**Problem description**
From the line with "AlgSolar GmbH" through the line with "Le militaire à", repeat the entries verbatim, both end lines included, and add nothing.

(Data for the task)

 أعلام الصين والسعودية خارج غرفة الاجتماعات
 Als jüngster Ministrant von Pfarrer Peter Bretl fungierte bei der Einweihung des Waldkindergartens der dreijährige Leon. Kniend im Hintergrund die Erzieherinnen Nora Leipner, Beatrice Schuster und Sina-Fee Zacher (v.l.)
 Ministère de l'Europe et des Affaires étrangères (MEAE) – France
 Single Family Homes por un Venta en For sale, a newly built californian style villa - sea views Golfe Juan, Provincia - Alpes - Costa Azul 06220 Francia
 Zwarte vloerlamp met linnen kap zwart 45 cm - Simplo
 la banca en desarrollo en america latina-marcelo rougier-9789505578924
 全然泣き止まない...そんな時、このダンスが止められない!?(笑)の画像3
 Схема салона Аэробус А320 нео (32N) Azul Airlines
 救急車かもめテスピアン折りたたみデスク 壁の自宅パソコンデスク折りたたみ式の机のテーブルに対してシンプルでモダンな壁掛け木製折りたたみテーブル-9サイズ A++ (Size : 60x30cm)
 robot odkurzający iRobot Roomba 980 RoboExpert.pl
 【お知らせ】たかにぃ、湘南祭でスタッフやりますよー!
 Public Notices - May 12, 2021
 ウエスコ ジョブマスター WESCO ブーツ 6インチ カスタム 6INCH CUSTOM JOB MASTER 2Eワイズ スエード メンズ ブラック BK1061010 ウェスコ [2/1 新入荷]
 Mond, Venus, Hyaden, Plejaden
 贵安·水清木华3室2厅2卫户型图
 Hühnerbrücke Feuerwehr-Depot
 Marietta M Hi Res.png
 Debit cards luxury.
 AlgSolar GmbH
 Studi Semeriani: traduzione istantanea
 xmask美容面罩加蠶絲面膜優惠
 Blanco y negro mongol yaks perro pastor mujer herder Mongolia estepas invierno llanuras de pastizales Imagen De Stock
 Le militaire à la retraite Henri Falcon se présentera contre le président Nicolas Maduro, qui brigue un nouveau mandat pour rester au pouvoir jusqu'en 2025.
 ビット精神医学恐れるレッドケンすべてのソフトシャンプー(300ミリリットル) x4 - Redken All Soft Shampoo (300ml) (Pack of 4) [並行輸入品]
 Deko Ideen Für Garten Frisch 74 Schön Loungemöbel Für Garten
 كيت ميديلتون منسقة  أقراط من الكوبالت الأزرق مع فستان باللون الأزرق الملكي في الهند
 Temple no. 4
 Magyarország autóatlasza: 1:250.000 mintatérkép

(End Data for the task)

**Expected output**
 AlgSolar GmbH
 Studi Semeriani: traduzione istantanea
 xmask美容面罩加蠶絲面膜優惠
 Blanco y negro mongol yaks perro pastor mujer herder Mongolia estepas invierno llanuras de pastizales Imagen De Stock
 Le militaire à la retraite Henri Falcon se présentera contre le président Nicolas Maduro, qui brigue un nouveau mandat pour rester au pouvoir jusqu'en 2025.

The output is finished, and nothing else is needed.